2. The cured epoxy adhesive of claim 1, which is obtained by curing a composition comprising a capped polyurethane prepolymer, a core shell rubber, an epoxy resin, a hardener, and a polyetheramine-epoxy adduct.

3. The cured epoxy adhesive of claim 2 wherein the composition comprises 5 to 25 wt % of the capped polyurethane prepolymer.

4. The cured epoxy adhesive of claim 2 wherein the composition comprises 0.75 to 20 wt % of the core shell rubber.

5. The cured epoxy adhesive of claim 2 wherein the polyetheramine-epoxy adduct comprises a reaction product of an epoxy with one or more of a polyether diamine or a polyether triamine.

6. The cured epoxy adhesive of claim 2 wherein the polyetheramine-epoxy adduct comprises the reaction product of an epoxy with a polyether triamine.

7. The cured epoxy adhesive of claim 2 wherein the composition comprises 5 to 40 wt % of the polyetheramine-epoxy adduct.

8. The cured epoxy adhesive of claim 2 having a Tg at least 100° C.
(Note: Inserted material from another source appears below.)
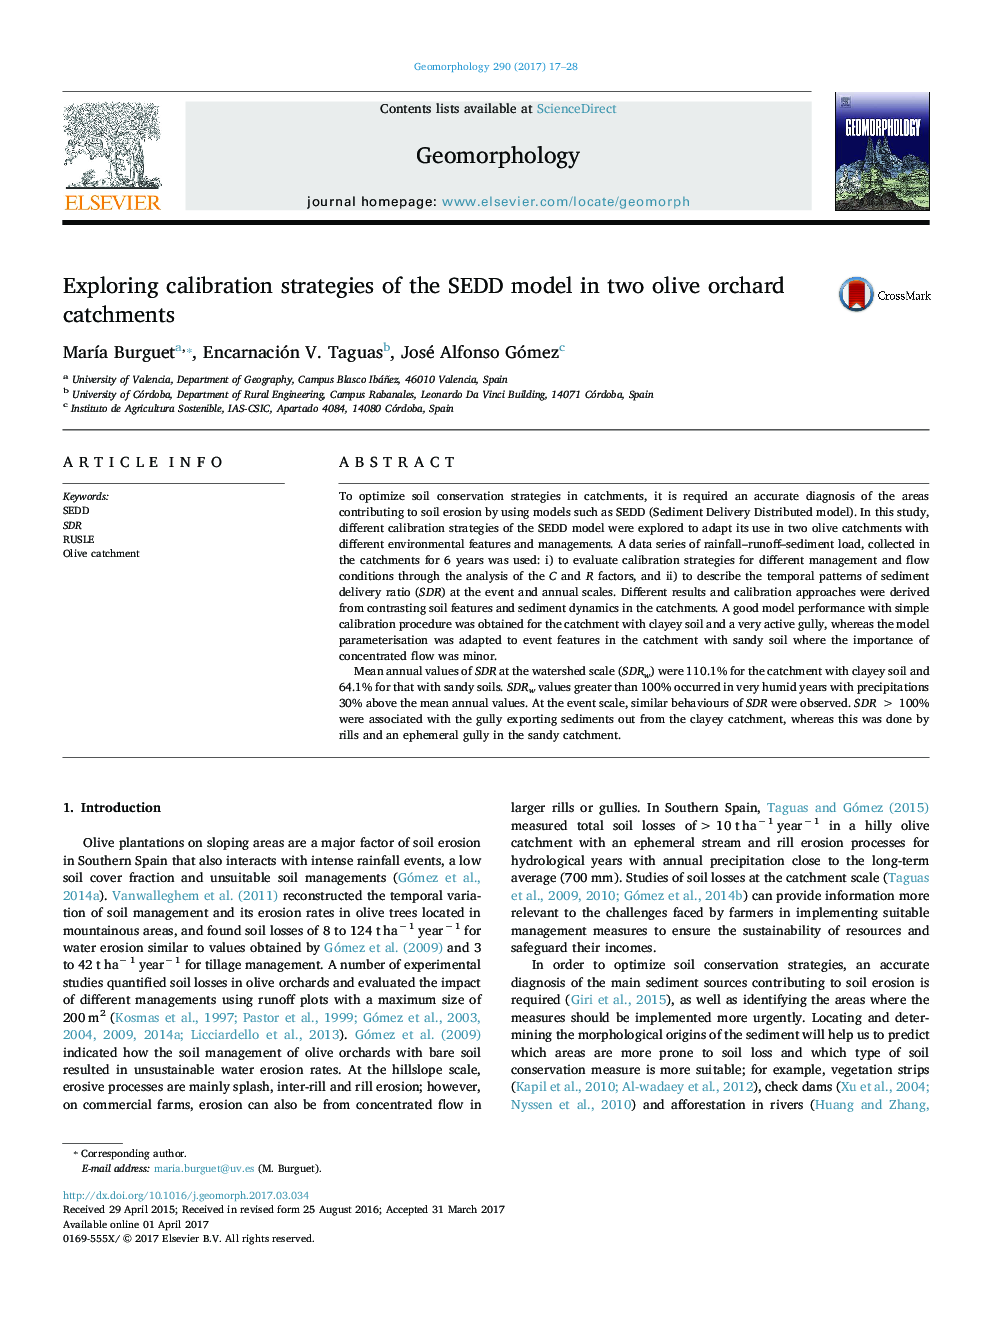 Exploring calibration strategies of the SEDD model in two olive orchard catchments

9. A method of manufacturing a cured epoxy adhesive having an E-modulus of 300 to 1000 MPa, and a Tg at least 80° C., the method comprising:

a) obtaining a composition comprising a capped polyurethane prepolymer, a core shell rubber, a prepolymer comprising the reaction product of an epoxy with one or more of a polyether diamine or a polyether triamine, an epoxy resin, and a hardener; and

b) exposing the composition to suitable conditions to cure the composition.

10. A mixture comprising a capped polyurethane prepolymer, 5 to 15 wt % of a core shell rubber, an epoxy resin, and a prepolymer comprising the reaction product of an epoxy with one or more of a polyether diamine or a polyether triamine.